Panoptes - A Binary Translation Framework for CUDA (c) 2012 - Chris Kennelly (email@example.com)
Table of Contents
Panoptes intercepts library calls to the GPU in order to maintain bookkeeping information about the state of the GPU, including device code. This permits on-the-fly instrumentation of existing programs without recompilation.
This functionality is currently demonstrated by providing a memory checking functionality similar to Valgrind's memcheck tool for CUDA that instruments device code so that it can continue to run on the GPU, maintaining the parallelism that may have necessitated the use of GPUs in the first place.
Panoptes is open source software, licensed under the GPLv3. For more information see COPYING.
The Panoptes interposer depends on Boost, CUDA, Make, and Valgrind (for its hooks). The testsuite shares the same dependencies as well as Google's googletest framework (http://code.google.com/p/googletest/).
Once the appropriate include paths are specified in the Makefile, run 'make' from the source directory to build the interposer and run the test suite. (A working CUDA-compatible GPU is required for the tests to work.)
To run a CUDA program under Panoptes (for demonstration purposes, named "my_cuda_program"):
Panpotes is a research code base that has not achieved a complete implementation of CUDA. Notable limitatations (and the rationale for them) currently include:
- Mapped memory accesses from the GPU. Panoptes currently reports to callers of cudaGetDeviceProperties the flag canMapHostMemory to be zero. Supporting direct access requires we maintain two sets of validity bits, one for the device and one for the host, keeping the state of the two sets reasonably consistent. We could make the host "authoritative," exposing the validity bits for mapped regions stored by Valgrind directly to the device. Doing so would require tight coupling with Valgrind's internals as well as likely patching Valgrind to disable its compression technique for validity bits (as Panoptes uses 1:1 bit level shadowing). We could make the device authoritative. Upon a kernel launch, we would need to speculatively transfer any dirty, host-stored validity bits out of Valgrind and onto the device. Upon a host access, we would have to load the validity bits off of the device and place them into Valgrind.
- Peer-to-Peer Support. Panoptes currently does not implement the peer-to-peer functionality exposed in CUDA 4. Implementing this is currently limited by the fact that each device maintains its own master list of chunks in its address space. Devices that can communicate with peer-to-peer need to share some of those portions of their address space (relatedly, cudaGetDeviceProperties under Panoptes reports that unified addressing is not supported). Since this is a common use case for multi-GPU systems, it is expected to be implemented in the near future.
- Instruction support. Not all parts of the PTX instruction set are supported. Further, parts of the PTX instruction set that are supported have largely been tested by generating kernels written in C/C++ with nvcc. It is possible that there are untested edge cases that would only be exposed by use of inline PTX.
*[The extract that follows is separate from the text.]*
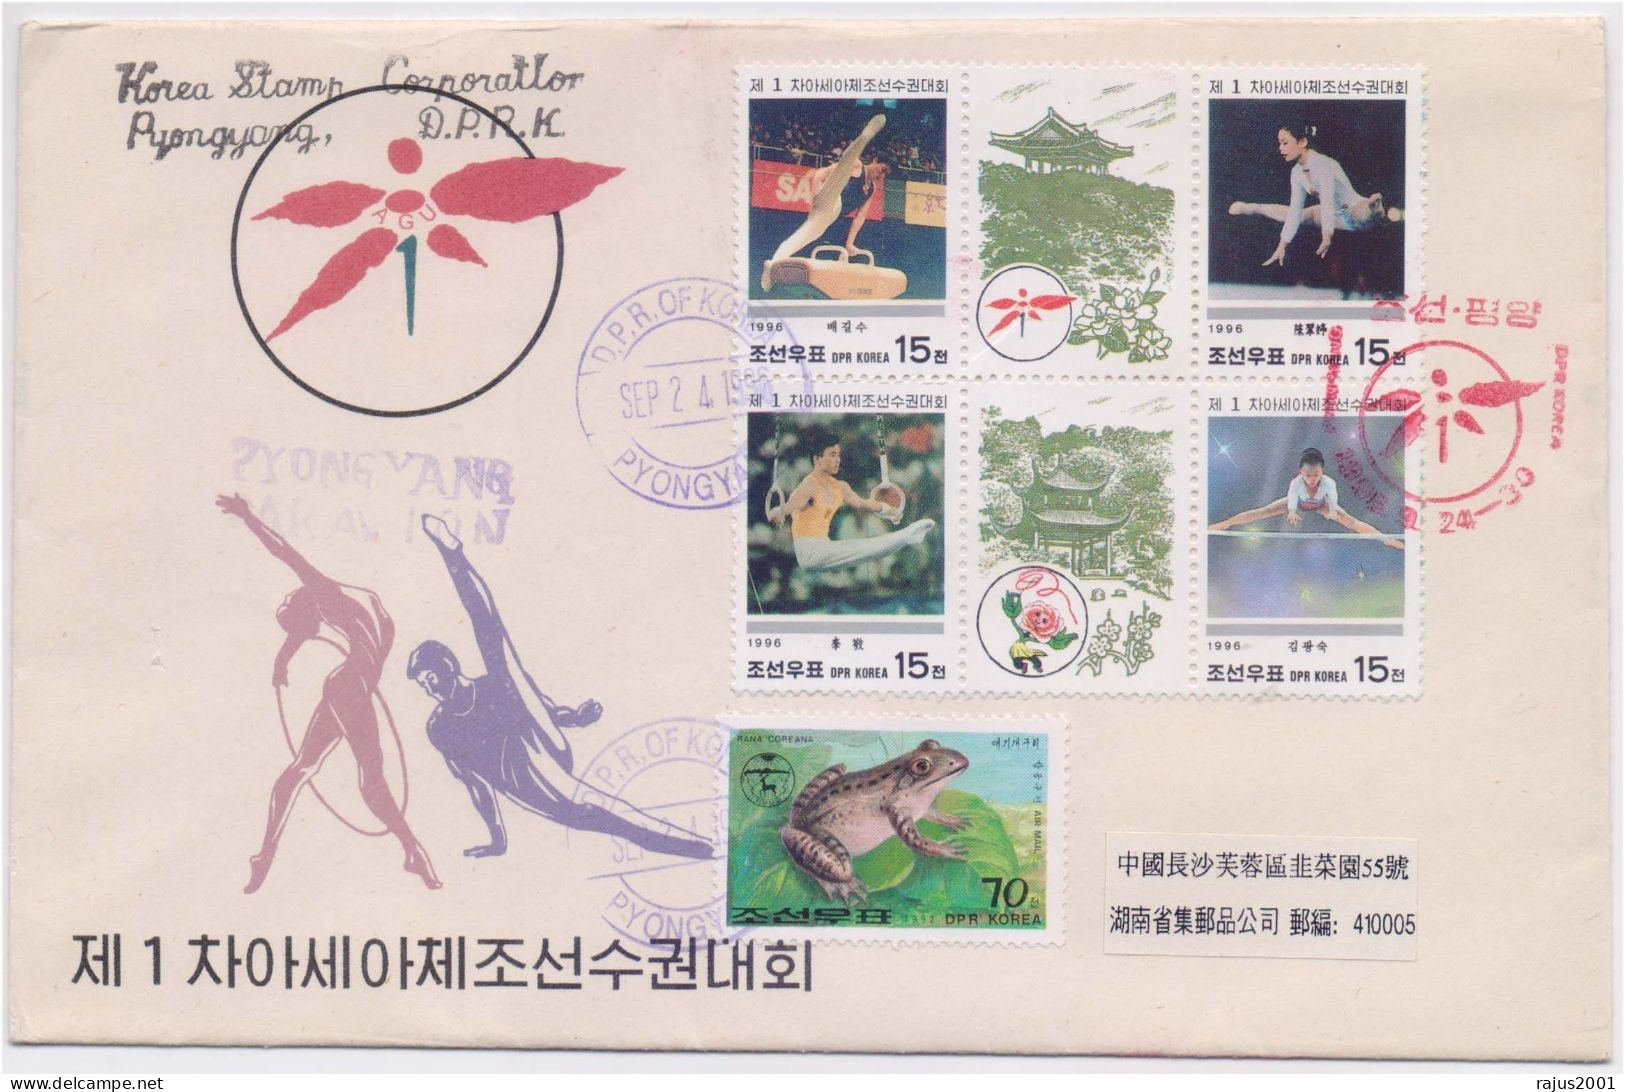 1st Asian Gymnastics Championships, Frog, Flowers, GUTTER PAIR NORTH KOREA DPR FDC 1996 - Gymnastics

- Atomic operations: These currently are not checked for addressability nor are validity bits considered.
- Textures/Surfaces: Texture/surface support is currently being tested, but is not released.
- Extended Precision: Extended precision operations (addc, subc, madc) are not instrumented.
- Video instructions: The video instructions (vadd, vsub, vabsdiff, vmin,vmax, vshl, vshr, vmad, vset) are currently not instrumented.